Firstly, the business may not be workable in another location. It needs to be replicated in another area of New Zealand for the franchise to work. For example, your business may sell a particular product that is only useful in a specific part of the country. This will mean that your product will not sell if offered in another location. Another reason is that there may be no supplier of your product in another location. For example, a particular input good may not be sourced in a different part of the country. However, you may be able to get this input transported to the prospective franchisees’ location if it is financially feasible.

Secondly, your business may also rely on careful brand management for it to be successful. If you were to franchise your business, you might lose control over how the brand is managed. Even though your franchise agreement will outline how your franchisee can use your brand, you will not be able to monitor every aspect of your franchisee’s dealings as you would with your own business.
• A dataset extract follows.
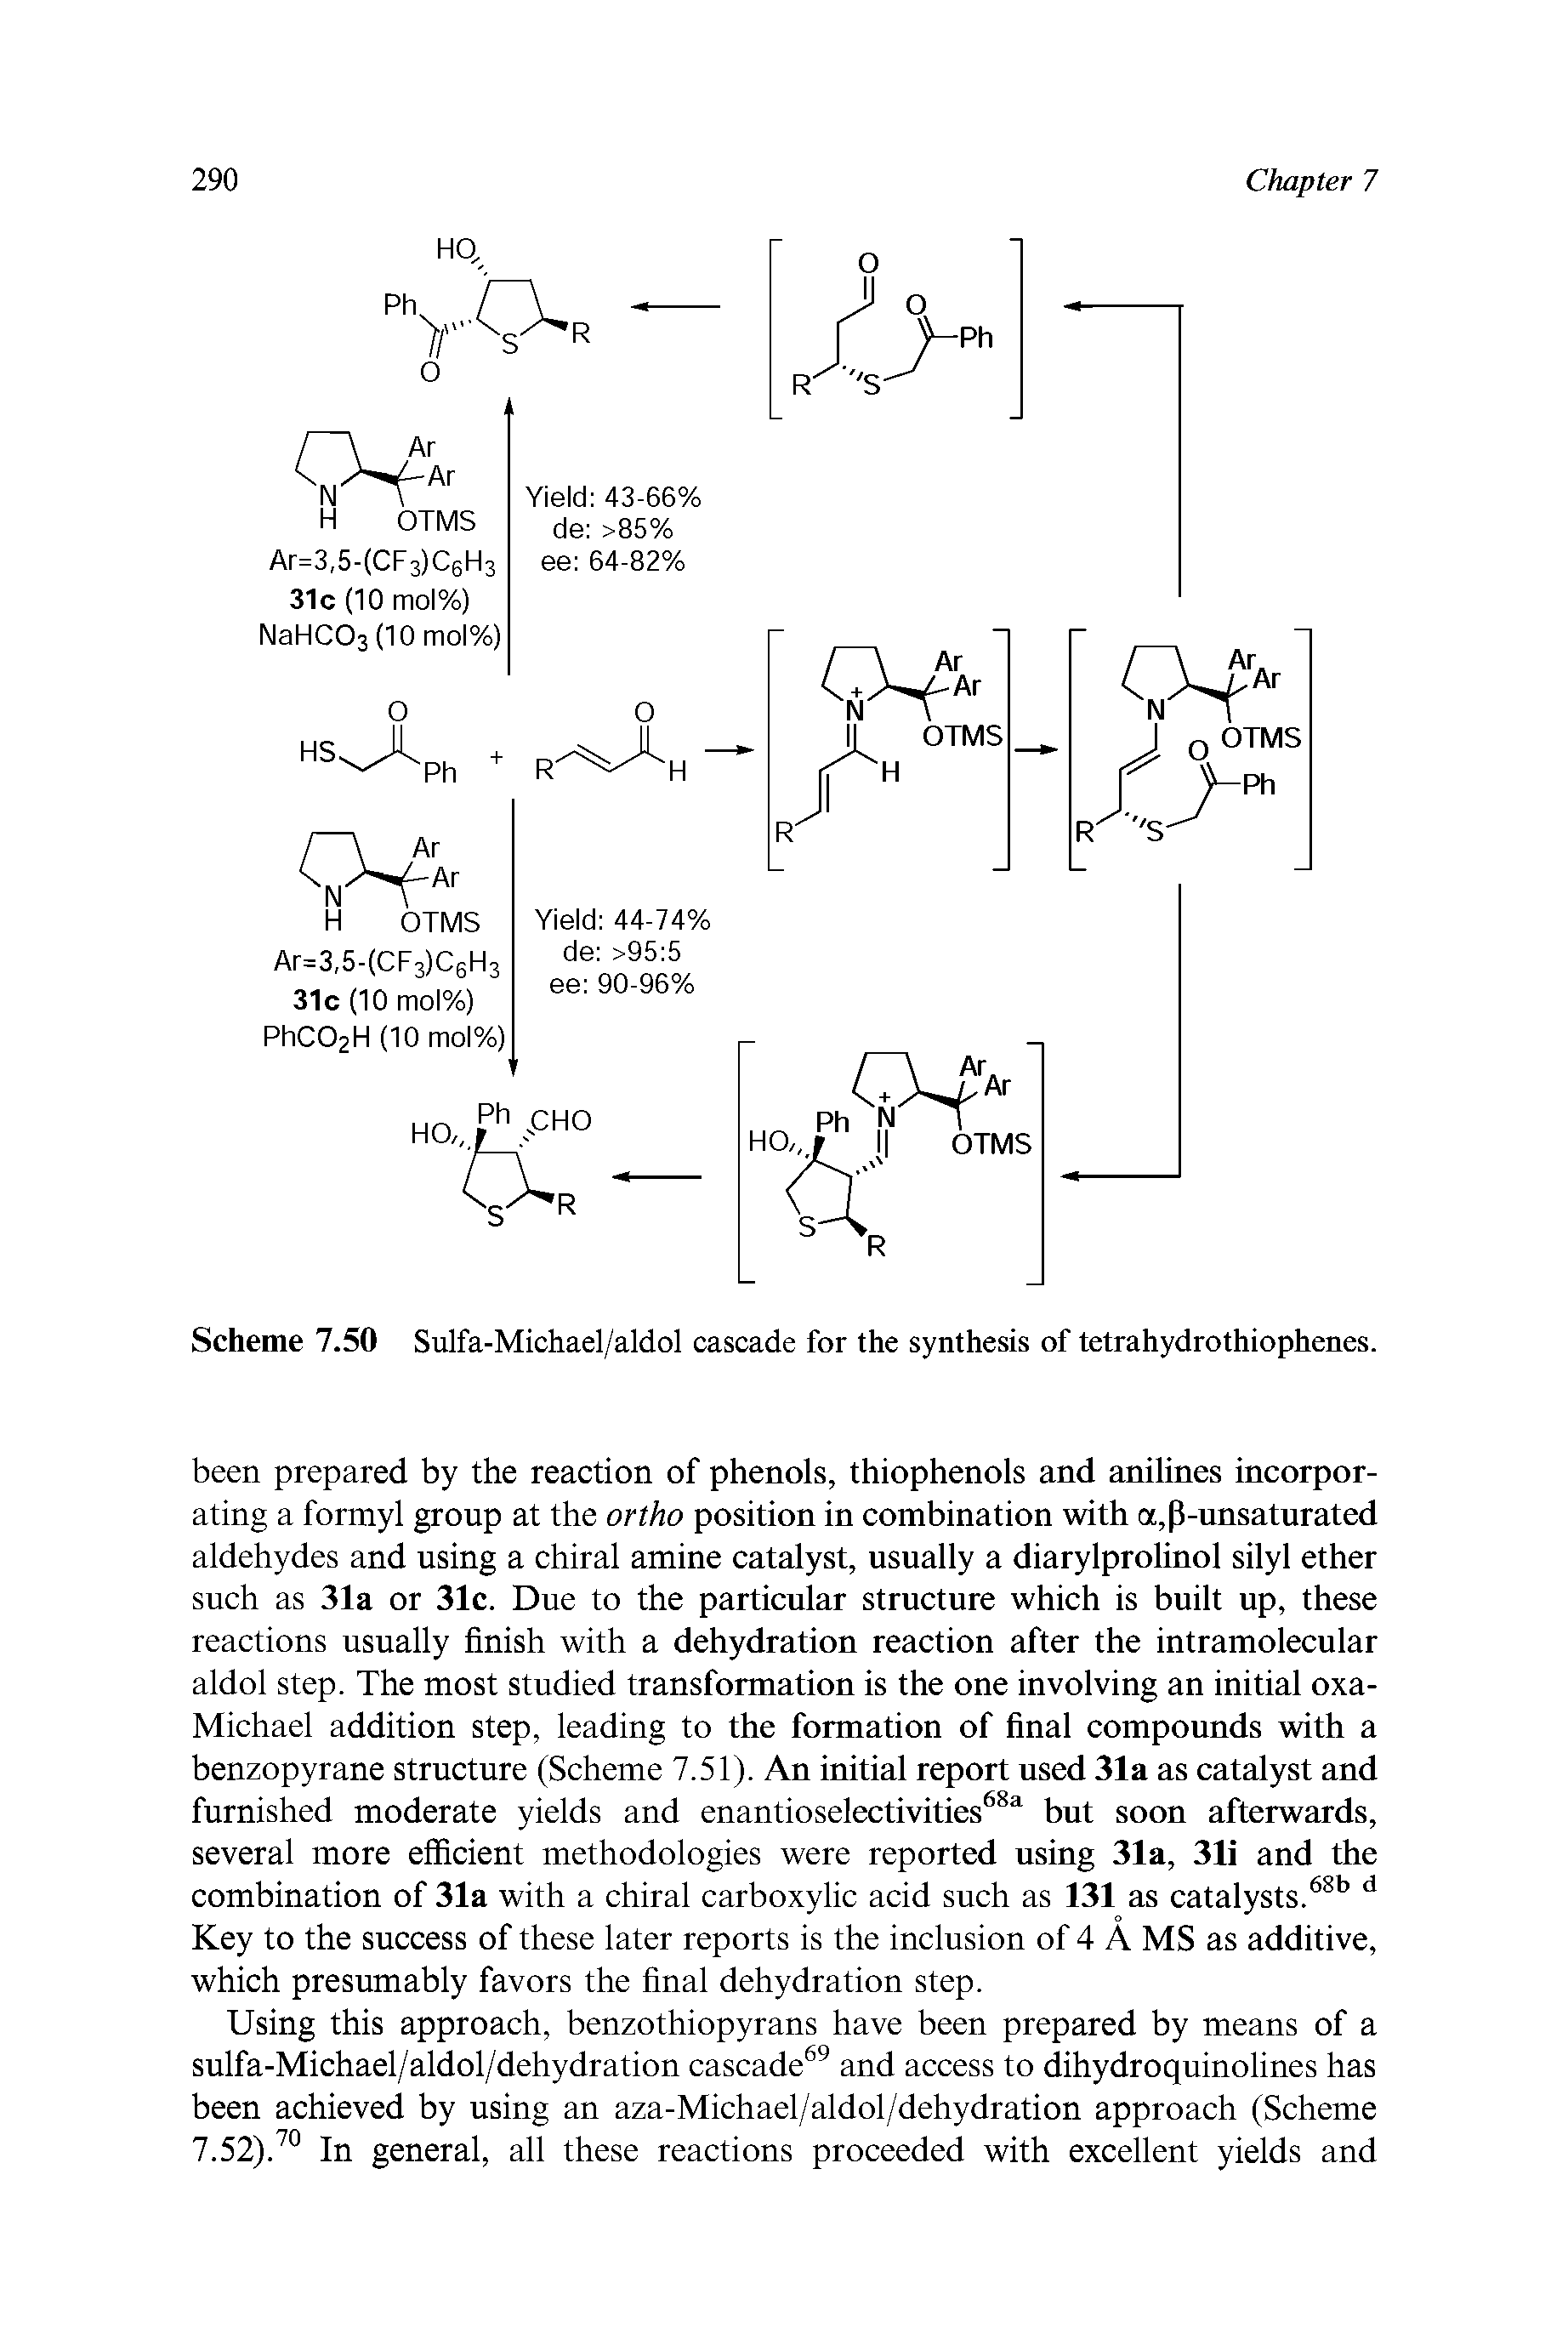 Scheme 7.50 Sxilfa-Michael/aldol cascade for the synthesis of tetrahydrothiophenes.
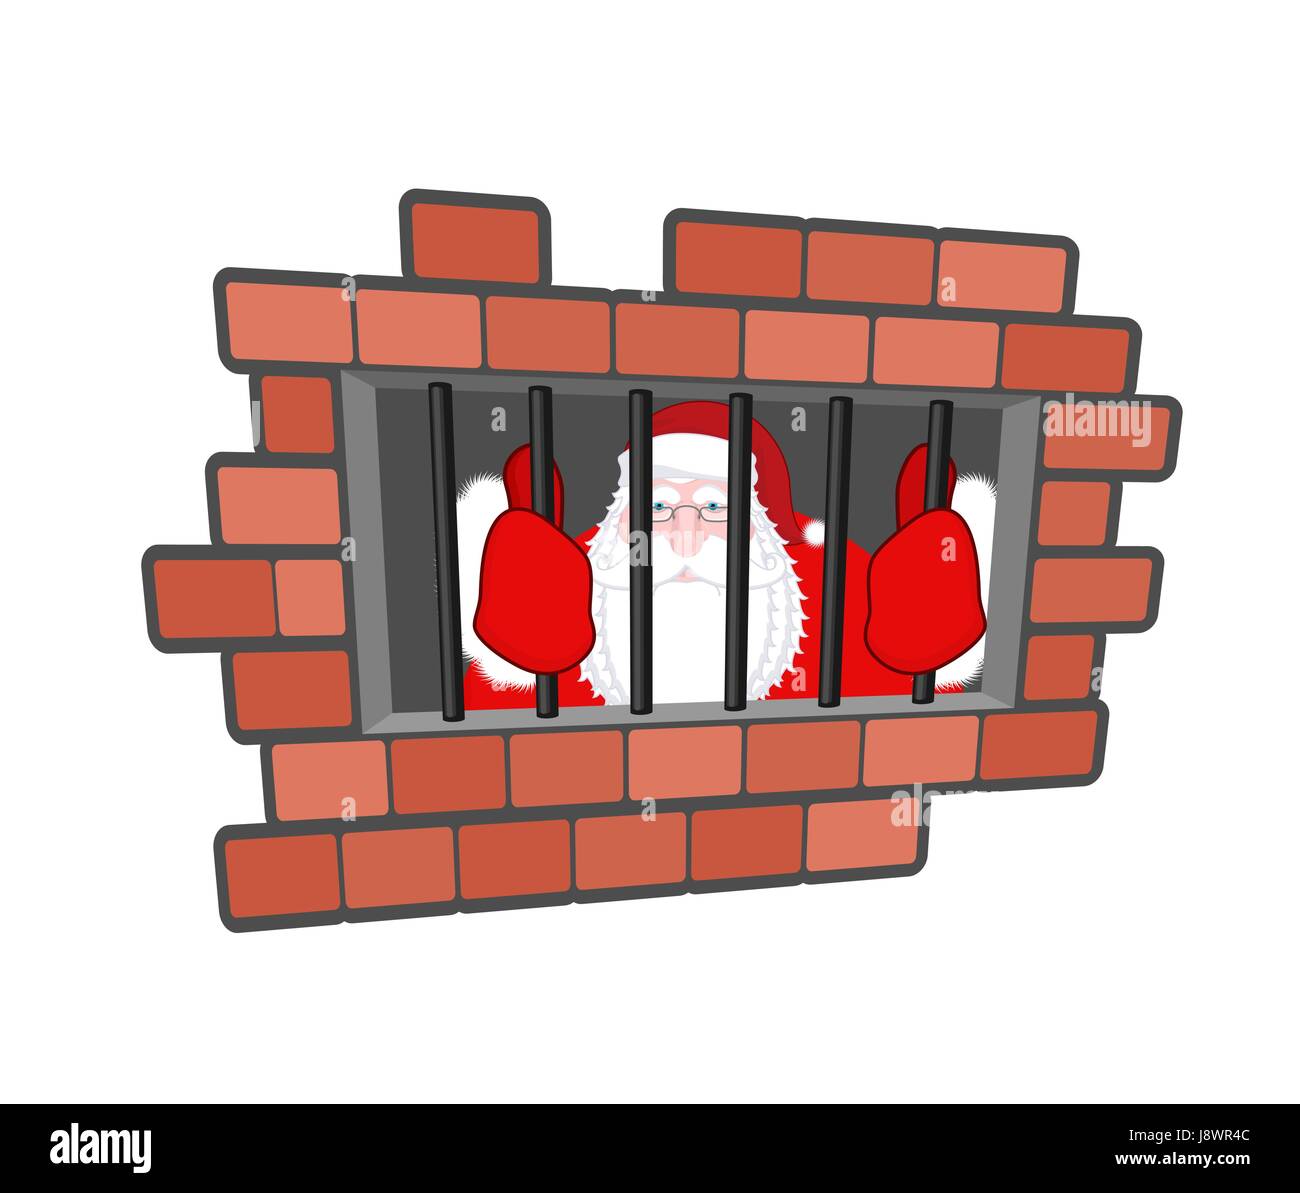 Santa Claus prisoner. Christmas in prison. Window in prison with bars. Bad Santa criminal. New year is canceled. Jail break Stock Vector

Your business could suffer if your franchisee is using your brand in a way that is not beneficial for you. A way around this is to insert a termination clause in your franchise agreement. This will allow you to cancel the franchise agreement if a franchisee breaks a provision of that agreement. This provision could be using your brand in a way that is not specified in the agreement.

Bringing on the Wrong Franchisees

If you feel like your business is ready to franchise, then getting the right franchisees to buy into your business is crucial. All too often, franchisors are willing to sell their franchise to whoever is willing to pay the most in fees or royalties. However, this strategy can backfire. A franchisee needs to be able to have a good relationship with their franchisor. This is because whatever happens to one franchise can affect all the others as they are all trading under the same brand. Having a franchisor that follows your agreement and takes your advice will allow you to let that franchise run independently. The last thing you want to do is be in dispute with your franchisee or have to activate the termination clause in your agreement.

Key Takeaways 

Franchising your business is a popular way to grow your business in New Zealand. Many businesses franchise to expand their business to other parts of the country without raising any debt or equity. You must be aware of the mistakes that franchisors make when franchising their business. These are:

  • franchising too early;
  • having a model that is not franchisable; and
  • bringing on the wrong franchisees.

If you need any legal assistance with franchising, contact LegalVision’s franchise lawyers on 0800 005 570 or fill out the form on this page.

Frequently Asked Questions

Can I change my model to make it franchisable?

You may be able to change your model so that it becomes easier to franchise. However, if your fundamental business plan does not make franchising easy, then it may not be possible.

What is the best way to find out if I am bringing on the right franchisees?

Do your research on who they are and what previous business dealings they have been involved with. Check up on their references to make sure that they would make sound business partners.

Can I terminate the franchise agreement at any time?

If your franchisee has broken your franchise agreement, then you will be able to activate the termination clause and cancel the agreement at any time.